From the outside, no one could have guessed Xi’s frustrations. Publicly and within the party, Xi always faithfully toed the official line and defended even those decisions with which he most vociferously disagreed. Yet people who truly understood Xi—for instance, Mao Zedong—would not have been surprised by this behavior. During the revolution, Mao often gave short, pithy formulations to characterize his favorite cadres. For Xi, Mao wrote the words “The party’s interests come first” on a white cloth and gave it to him as a gift. It became one of Xi’s most treasured possessions.

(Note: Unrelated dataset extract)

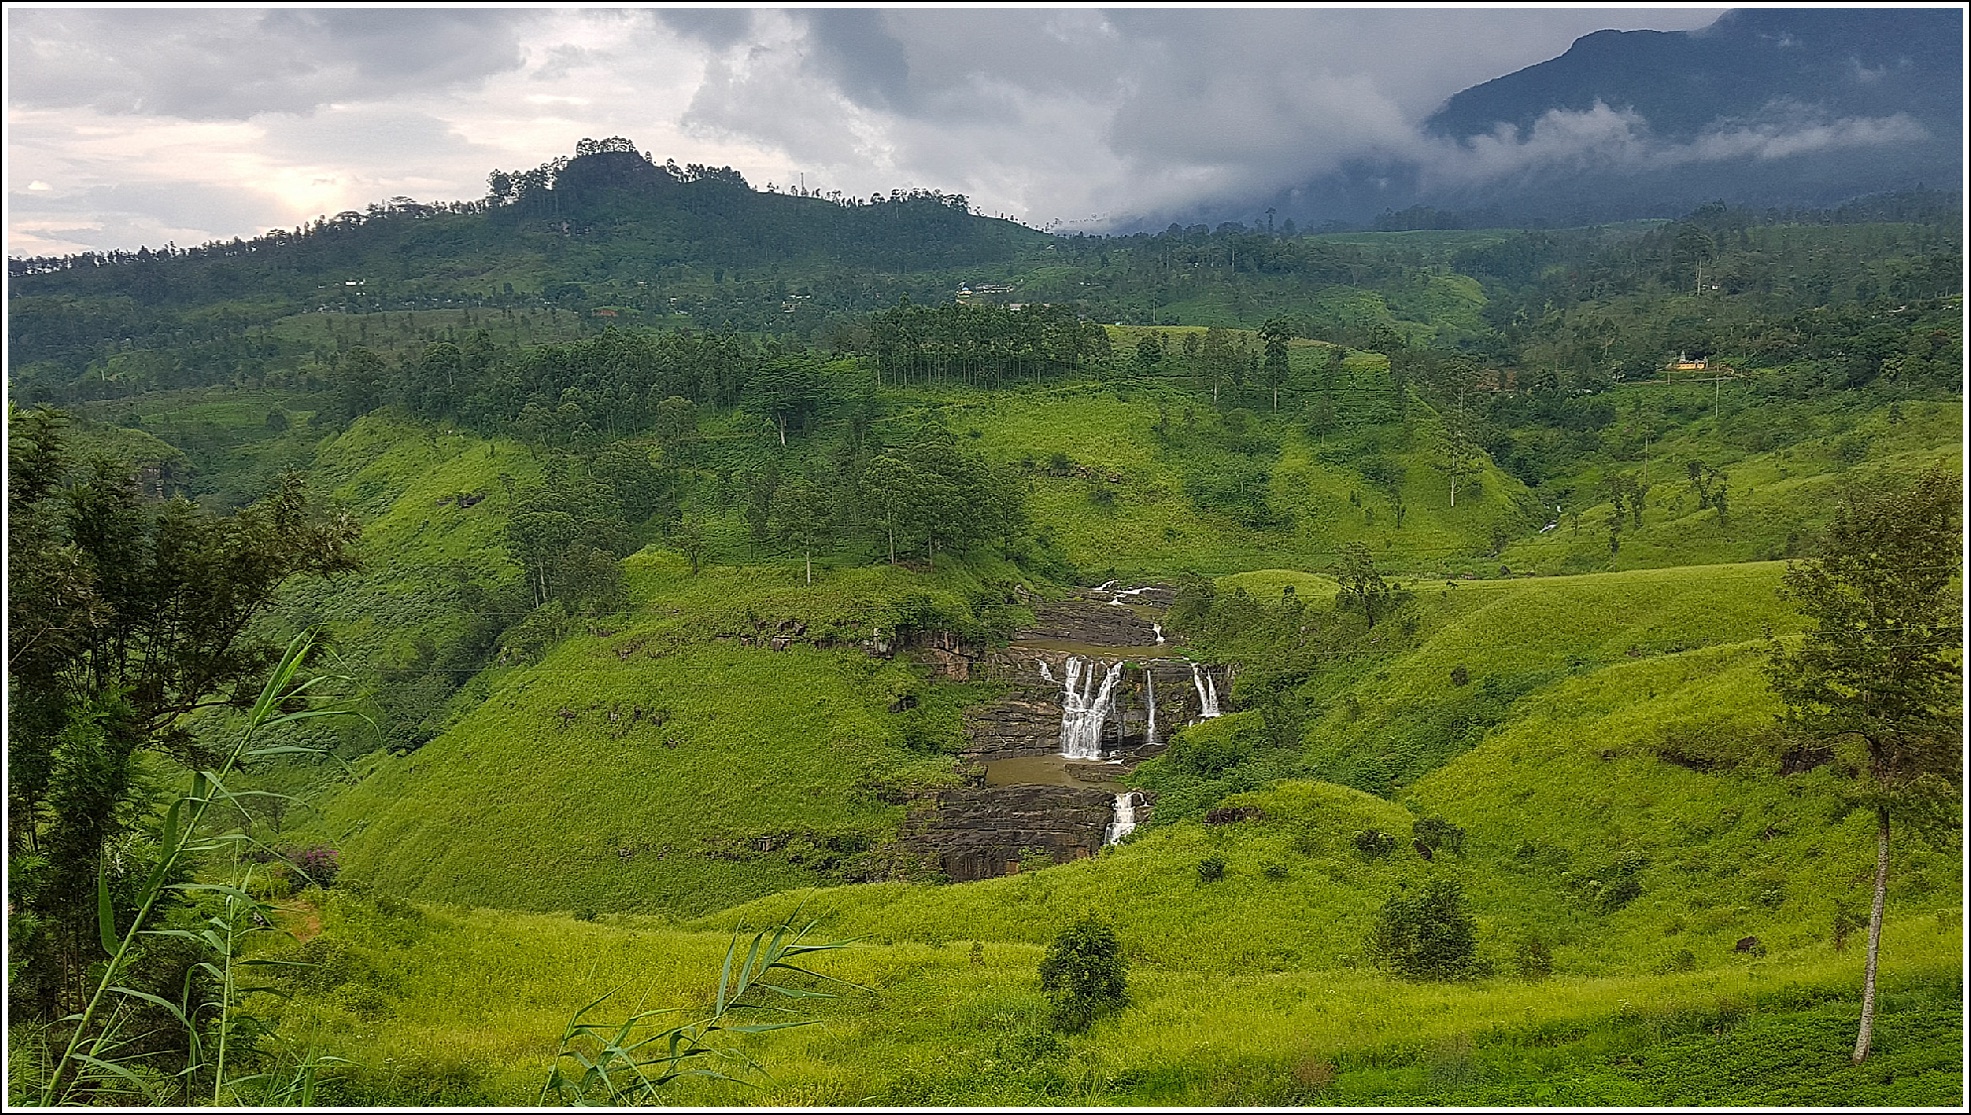 Te-plantasjer, togtur og verdens ende i høylandet på Sri Lanka -  GlobetrotterElisa

Although the party’s interests came first, Xi was still human. He struggled to balance the multiple centers of emotional gravity that shaped his life. In August 1990, Xi momentarily lost his ability to contain his frustrations. According to the diaries of Li Rui, one of Mao’s former secretaries, at a meeting of the National People’s Congress Standing Committee, Xi screamed at Premier Li Peng, leading Li Rui to write, “This demonstrates that his mental situation has, at the very least, completely lost control.” Li Rui concludes that “this was the result of several years of pent-up resentment.” Xi refused to see a doctor and spent the night after his outburst on the couch in his office.2 It was soon after that incident that Xi met with Chen Jianzhong. Xi then departed for Guangdong, only to return to Beijing in 1999.
XI ZHONGXUN, THE LEGEND
During his career, Xi Zhongxun had his setbacks, but he did succeed in one regard: he established a reputation as the very best kind of individual that the party could produce. According to that narrative, shared widely among Chinese elites, Xi was a righteous individual who was almost uniquely practical, open-minded, and merciful. The legends are numerous. He tried to protect his corner of the Yan’an base area during the notorious Rescue the Fallen Campaign—a party rectification that went off the rails in 1943. He helped end the excesses of the party’s land-reform campaign in 1947 and 1948. After the People’s Republic of China was founded in 1949, Xi tempered the Suppression of Counterrevolutionaries Campaign in his Northwest Region. He was a quintessential reformer in Guangdong during the early years after the Cultural Revolution. And, perhaps most famously, he allegedly exploded emotionally at the meeting when Hu Yaobang was removed from power.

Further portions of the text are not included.